• [Raw data]:
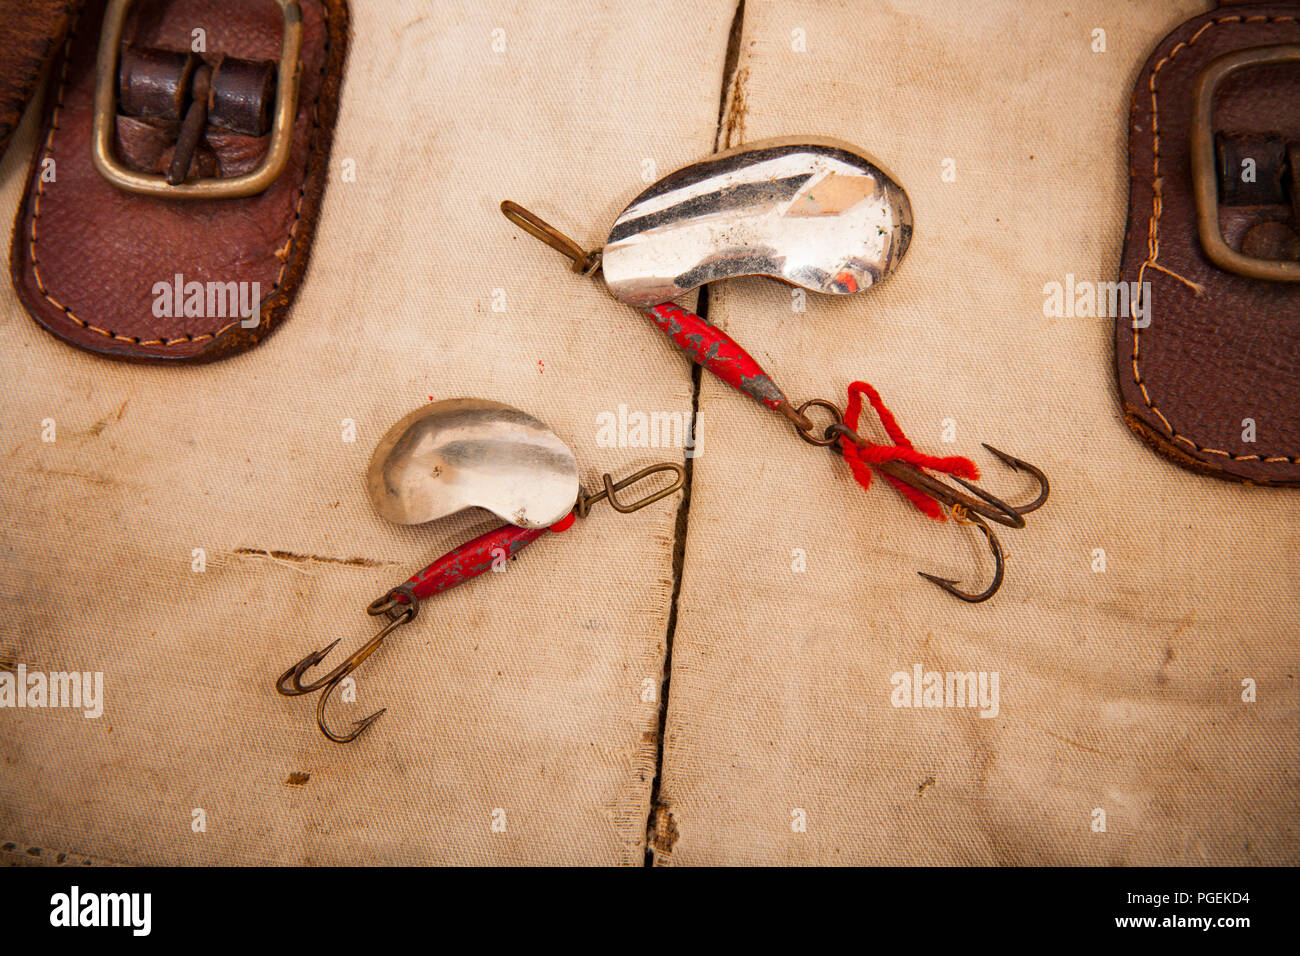 https://c8.alamy.com/comp/PGEKD4/two-metal-lures-known-as-kidney-spoons-due-to-their-shape-with-treble-hooks-displayed-on-an-old-fishing-tackle-bag-from-a-collection-of-vintage-fishi-PGEKD4.jpg
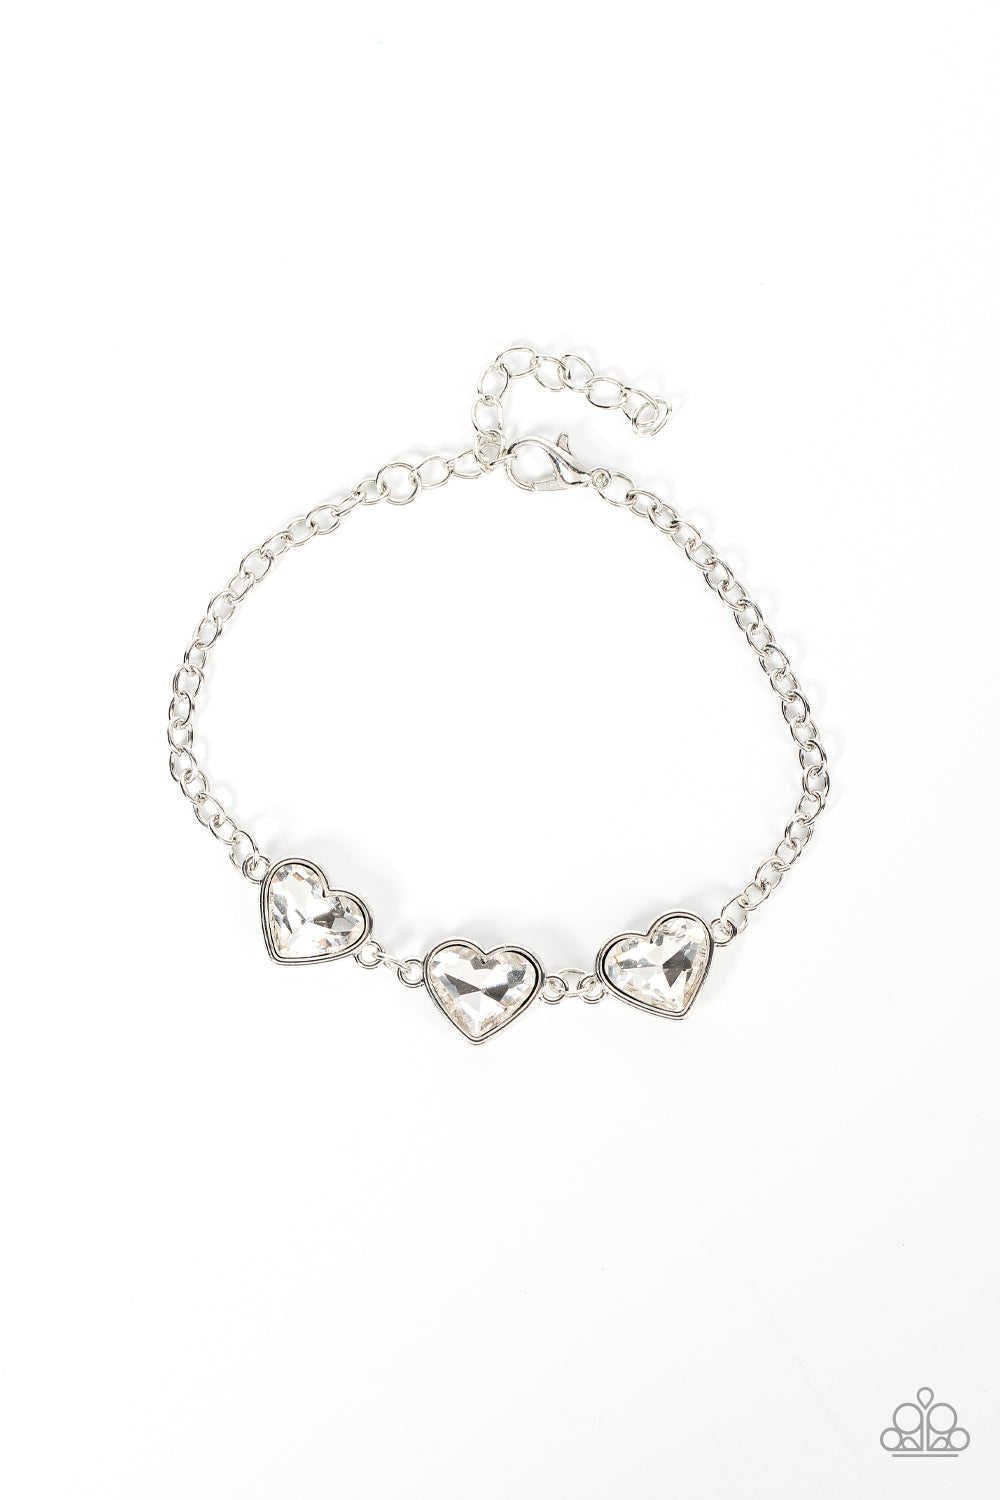 Little Heartbreaker - White Heart Shape Gems - Silver Bracelet - Paparazzi Accessories - Nestled in silver frames, a trio of glittery white heart-shaped gems delicately links across the wrist for a dash of swoon-worthy shimmer. Features an adjustable clasp closure. Sold as one individual fashion bracelet.
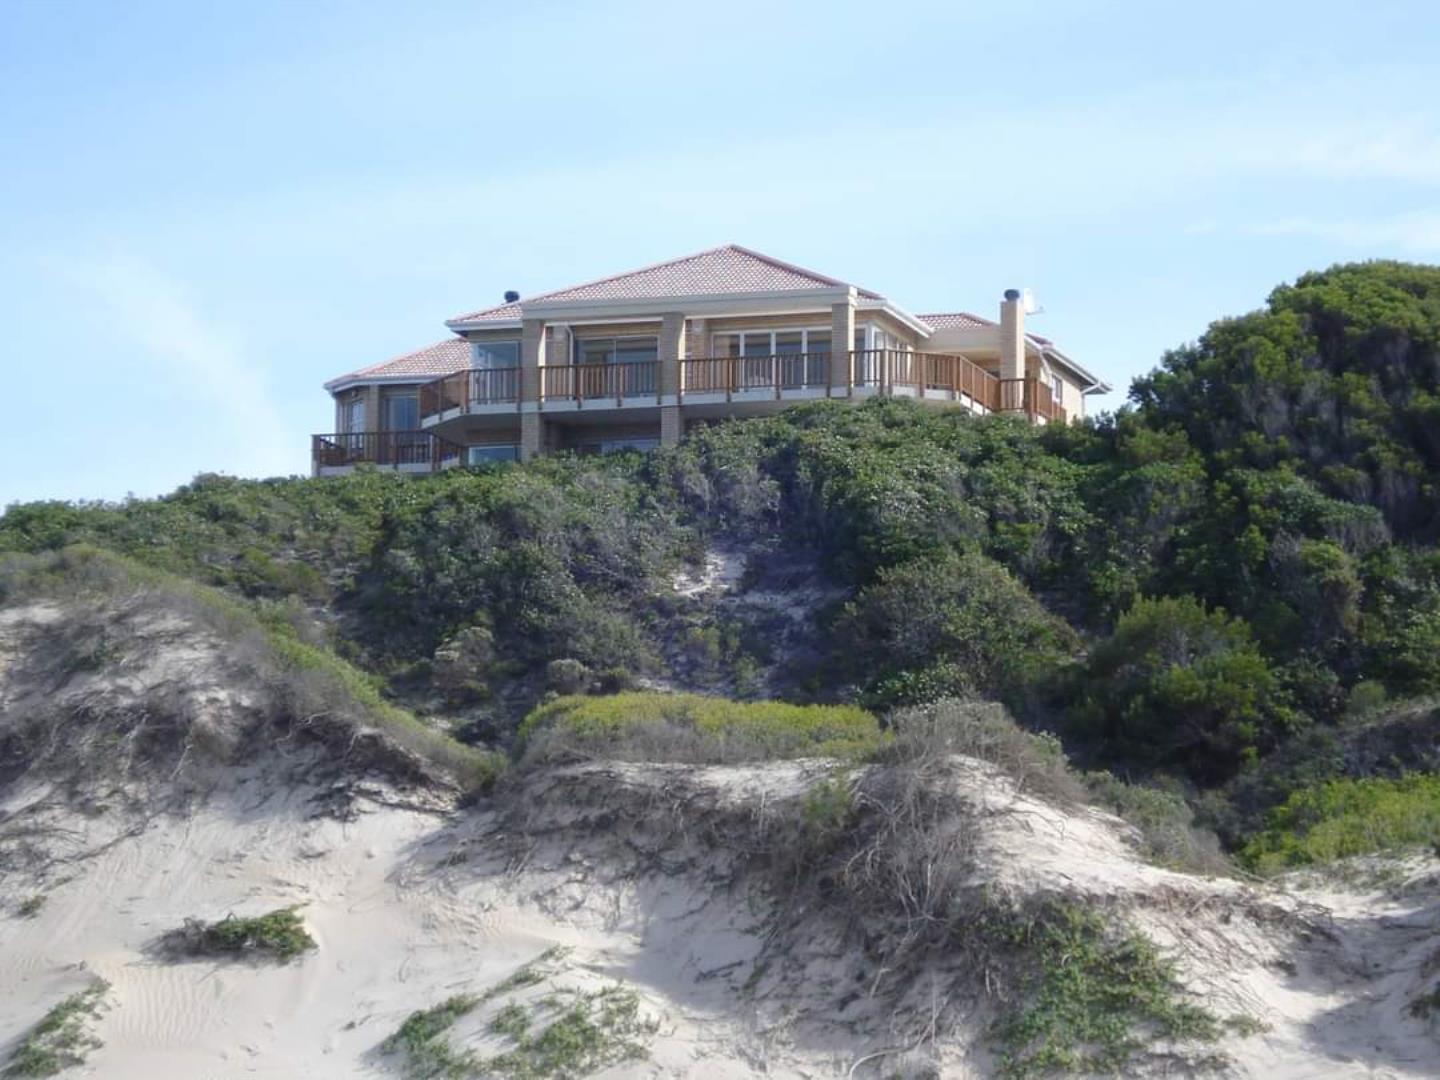 6 Bedroom  House for Sale in Jeffreys Bay - Eastern Cape
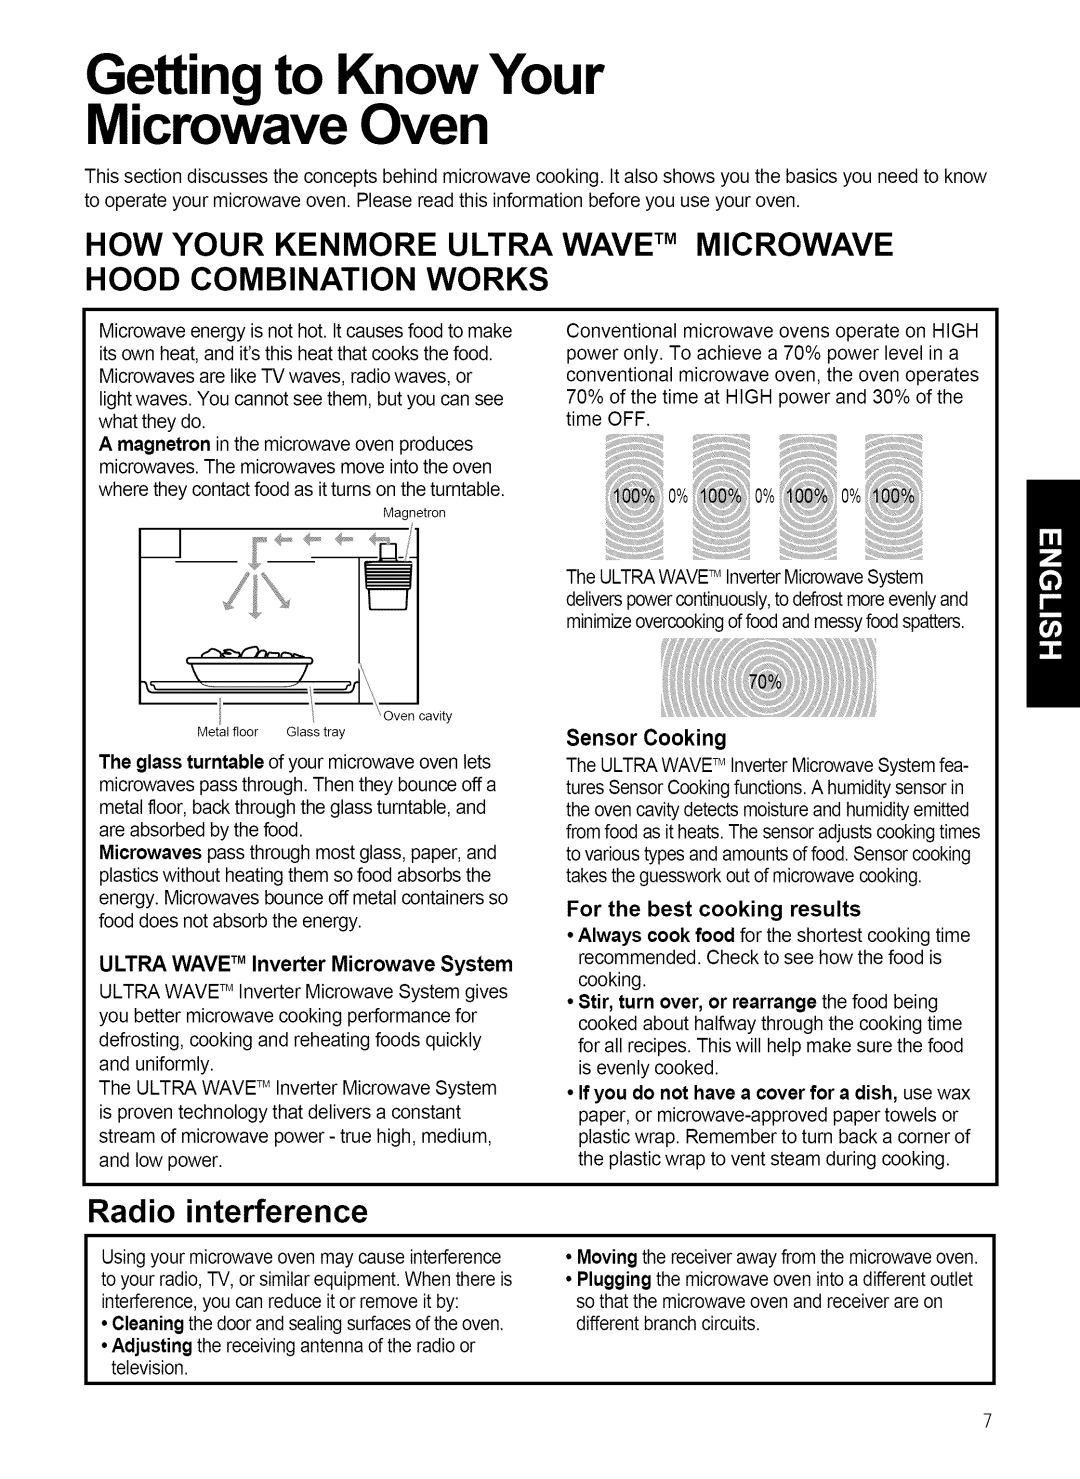 Kenmore 721.80869, 721.80864, 721.80863, 721.80862 Getting to Know Your Microwave Oven, Radio interference, Sensor Cooking

• [Task item]: Exclude every picture, then reproduce the remaining data character for character.

• [Output of the exercise]:
 https://c8.alamy.com/comp/PGEKD4/two-metal-lures-known-as-kidney-spoons-due-to-their-shape-with-treble-hooks-displayed-on-an-old-fishing-tackle-bag-from-a-collection-of-vintage-fishi-PGEKD4.jpg
 Little Heartbreaker - White Heart Shape Gems - Silver Bracelet - Paparazzi Accessories - Nestled in silver frames, a trio of glittery white heart-shaped gems delicately links across the wrist for a dash of swoon-worthy shimmer. Features an adjustable clasp closure. Sold as one individual fashion bracelet.
 6 Bedroom  House for Sale in Jeffreys Bay - Eastern Cape
 Kenmore 721.80869, 721.80864, 721.80863, 721.80862 Getting to Know Your Microwave Oven, Radio interference, Sensor Cooking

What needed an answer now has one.